| Task |
Output the records exactly, every one of them.

| Data for this exercise |
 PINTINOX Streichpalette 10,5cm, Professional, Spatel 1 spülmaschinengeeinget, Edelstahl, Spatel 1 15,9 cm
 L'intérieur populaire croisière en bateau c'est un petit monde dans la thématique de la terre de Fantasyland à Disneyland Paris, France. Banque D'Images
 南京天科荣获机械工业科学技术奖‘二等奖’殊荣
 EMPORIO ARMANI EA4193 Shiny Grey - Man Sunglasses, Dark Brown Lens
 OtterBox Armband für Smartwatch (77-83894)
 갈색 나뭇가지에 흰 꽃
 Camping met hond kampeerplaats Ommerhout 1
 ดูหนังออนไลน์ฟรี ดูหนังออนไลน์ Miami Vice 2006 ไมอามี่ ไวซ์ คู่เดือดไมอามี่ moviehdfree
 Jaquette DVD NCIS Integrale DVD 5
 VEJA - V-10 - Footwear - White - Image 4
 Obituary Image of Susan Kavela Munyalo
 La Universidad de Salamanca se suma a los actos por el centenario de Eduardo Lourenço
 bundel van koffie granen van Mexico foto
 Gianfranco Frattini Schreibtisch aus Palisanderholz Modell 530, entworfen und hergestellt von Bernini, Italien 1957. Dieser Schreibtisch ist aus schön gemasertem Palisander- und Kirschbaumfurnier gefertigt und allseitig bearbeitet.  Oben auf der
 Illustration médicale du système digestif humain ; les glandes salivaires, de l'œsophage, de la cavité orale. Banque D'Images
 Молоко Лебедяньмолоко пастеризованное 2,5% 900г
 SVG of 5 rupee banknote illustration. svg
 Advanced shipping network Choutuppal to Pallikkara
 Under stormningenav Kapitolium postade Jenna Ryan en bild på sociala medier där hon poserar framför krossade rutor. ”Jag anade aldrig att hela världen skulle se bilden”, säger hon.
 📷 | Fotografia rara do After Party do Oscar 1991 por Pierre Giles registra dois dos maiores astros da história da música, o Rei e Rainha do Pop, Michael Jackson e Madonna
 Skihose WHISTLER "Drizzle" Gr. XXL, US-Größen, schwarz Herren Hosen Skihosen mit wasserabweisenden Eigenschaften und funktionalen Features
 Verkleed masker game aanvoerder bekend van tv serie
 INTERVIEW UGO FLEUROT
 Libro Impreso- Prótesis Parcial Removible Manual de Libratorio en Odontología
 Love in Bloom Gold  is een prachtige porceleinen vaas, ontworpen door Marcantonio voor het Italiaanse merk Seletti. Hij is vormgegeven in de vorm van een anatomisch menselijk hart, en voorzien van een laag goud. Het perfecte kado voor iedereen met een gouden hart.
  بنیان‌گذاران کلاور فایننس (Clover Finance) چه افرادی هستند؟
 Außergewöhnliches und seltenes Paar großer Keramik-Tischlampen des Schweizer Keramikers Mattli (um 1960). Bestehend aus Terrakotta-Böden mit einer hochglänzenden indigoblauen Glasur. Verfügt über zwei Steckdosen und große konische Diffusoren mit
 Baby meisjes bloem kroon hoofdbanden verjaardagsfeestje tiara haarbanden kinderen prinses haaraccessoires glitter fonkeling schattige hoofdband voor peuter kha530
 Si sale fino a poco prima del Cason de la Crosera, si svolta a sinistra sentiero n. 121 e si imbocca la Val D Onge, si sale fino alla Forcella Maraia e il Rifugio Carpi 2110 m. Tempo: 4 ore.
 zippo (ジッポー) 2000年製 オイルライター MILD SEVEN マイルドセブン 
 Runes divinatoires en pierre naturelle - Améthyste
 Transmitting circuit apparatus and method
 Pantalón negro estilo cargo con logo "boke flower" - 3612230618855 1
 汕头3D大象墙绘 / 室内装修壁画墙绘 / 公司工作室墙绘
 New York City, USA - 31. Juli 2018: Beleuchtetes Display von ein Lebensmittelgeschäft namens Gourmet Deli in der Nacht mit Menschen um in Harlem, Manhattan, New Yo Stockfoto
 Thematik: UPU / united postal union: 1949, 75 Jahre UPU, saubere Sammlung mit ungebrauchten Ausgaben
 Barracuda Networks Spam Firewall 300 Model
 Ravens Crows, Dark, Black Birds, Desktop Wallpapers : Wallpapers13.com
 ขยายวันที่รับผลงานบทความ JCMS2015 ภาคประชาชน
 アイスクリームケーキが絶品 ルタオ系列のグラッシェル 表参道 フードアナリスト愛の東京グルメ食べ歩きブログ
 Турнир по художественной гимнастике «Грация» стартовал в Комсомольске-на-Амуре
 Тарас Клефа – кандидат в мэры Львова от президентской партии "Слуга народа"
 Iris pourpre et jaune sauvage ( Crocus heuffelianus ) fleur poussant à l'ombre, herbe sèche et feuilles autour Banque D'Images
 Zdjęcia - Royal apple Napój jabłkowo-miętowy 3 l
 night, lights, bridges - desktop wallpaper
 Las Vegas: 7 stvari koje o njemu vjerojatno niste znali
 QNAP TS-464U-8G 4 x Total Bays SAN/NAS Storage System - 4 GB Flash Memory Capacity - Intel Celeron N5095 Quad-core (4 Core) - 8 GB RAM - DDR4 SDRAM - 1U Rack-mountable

| Solution for this problem |
 PINTINOX Streichpalette 10,5cm, Professional, Spatel 1 spülmaschinengeeinget, Edelstahl, Spatel 1 15,9 cm
 L'intérieur populaire croisière en bateau c'est un petit monde dans la thématique de la terre de Fantasyland à Disneyland Paris, France. Banque D'Images
 南京天科荣获机械工业科学技术奖‘二等奖’殊荣
 EMPORIO ARMANI EA4193 Shiny Grey - Man Sunglasses, Dark Brown Lens
 OtterBox Armband für Smartwatch (77-83894)
 갈색 나뭇가지에 흰 꽃
 Camping met hond kampeerplaats Ommerhout 1
 ดูหนังออนไลน์ฟรี ดูหนังออนไลน์ Miami Vice 2006 ไมอามี่ ไวซ์ คู่เดือดไมอามี่ moviehdfree
 Jaquette DVD NCIS Integrale DVD 5
 VEJA - V-10 - Footwear - White - Image 4
 Obituary Image of Susan Kavela Munyalo
 La Universidad de Salamanca se suma a los actos por el centenario de Eduardo Lourenço
 bundel van koffie granen van Mexico foto
 Gianfranco Frattini Schreibtisch aus Palisanderholz Modell 530, entworfen und hergestellt von Bernini, Italien 1957. Dieser Schreibtisch ist aus schön gemasertem Palisander- und Kirschbaumfurnier gefertigt und allseitig bearbeitet.  Oben auf der
 Illustration médicale du système digestif humain ; les glandes salivaires, de l'œsophage, de la cavité orale. Banque D'Images
 Молоко Лебедяньмолоко пастеризованное 2,5% 900г
 SVG of 5 rupee banknote illustration. svg
 Advanced shipping network Choutuppal to Pallikkara
 Under stormningenav Kapitolium postade Jenna Ryan en bild på sociala medier där hon poserar framför krossade rutor. ”Jag anade aldrig att hela världen skulle se bilden”, säger hon.
 📷 | Fotografia rara do After Party do Oscar 1991 por Pierre Giles registra dois dos maiores astros da história da música, o Rei e Rainha do Pop, Michael Jackson e Madonna
 Skihose WHISTLER "Drizzle" Gr. XXL, US-Größen, schwarz Herren Hosen Skihosen mit wasserabweisenden Eigenschaften und funktionalen Features
 Verkleed masker game aanvoerder bekend van tv serie
 INTERVIEW UGO FLEUROT
 Libro Impreso- Prótesis Parcial Removible Manual de Libratorio en Odontología
 Love in Bloom Gold  is een prachtige porceleinen vaas, ontworpen door Marcantonio voor het Italiaanse merk Seletti. Hij is vormgegeven in de vorm van een anatomisch menselijk hart, en voorzien van een laag goud. Het perfecte kado voor iedereen met een gouden hart.
  بنیان‌گذاران کلاور فایننس (Clover Finance) چه افرادی هستند؟
 Außergewöhnliches und seltenes Paar großer Keramik-Tischlampen des Schweizer Keramikers Mattli (um 1960). Bestehend aus Terrakotta-Böden mit einer hochglänzenden indigoblauen Glasur. Verfügt über zwei Steckdosen und große konische Diffusoren mit
 Baby meisjes bloem kroon hoofdbanden verjaardagsfeestje tiara haarbanden kinderen prinses haaraccessoires glitter fonkeling schattige hoofdband voor peuter kha530
 Si sale fino a poco prima del Cason de la Crosera, si svolta a sinistra sentiero n. 121 e si imbocca la Val D Onge, si sale fino alla Forcella Maraia e il Rifugio Carpi 2110 m. Tempo: 4 ore.
 zippo (ジッポー) 2000年製 オイルライター MILD SEVEN マイルドセブン 
 Runes divinatoires en pierre naturelle - Améthyste
 Transmitting circuit apparatus and method
 Pantalón negro estilo cargo con logo "boke flower" - 3612230618855 1
 汕头3D大象墙绘 / 室内装修壁画墙绘 / 公司工作室墙绘
 New York City, USA - 31. Juli 2018: Beleuchtetes Display von ein Lebensmittelgeschäft namens Gourmet Deli in der Nacht mit Menschen um in Harlem, Manhattan, New Yo Stockfoto
 Thematik: UPU / united postal union: 1949, 75 Jahre UPU, saubere Sammlung mit ungebrauchten Ausgaben
 Barracuda Networks Spam Firewall 300 Model
 Ravens Crows, Dark, Black Birds, Desktop Wallpapers : Wallpapers13.com
 ขยายวันที่รับผลงานบทความ JCMS2015 ภาคประชาชน
 アイスクリームケーキが絶品 ルタオ系列のグラッシェル 表参道 フードアナリスト愛の東京グルメ食べ歩きブログ
 Турнир по художественной гимнастике «Грация» стартовал в Комсомольске-на-Амуре
 Тарас Клефа – кандидат в мэры Львова от президентской партии "Слуга народа"
 Iris pourpre et jaune sauvage ( Crocus heuffelianus ) fleur poussant à l'ombre, herbe sèche et feuilles autour Banque D'Images
 Zdjęcia - Royal apple Napój jabłkowo-miętowy 3 l
 night, lights, bridges - desktop wallpaper
 Las Vegas: 7 stvari koje o njemu vjerojatno niste znali
 QNAP TS-464U-8G 4 x Total Bays SAN/NAS Storage System - 4 GB Flash Memory Capacity - Intel Celeron N5095 Quad-core (4 Core) - 8 GB RAM - DDR4 SDRAM - 1U Rack-mountable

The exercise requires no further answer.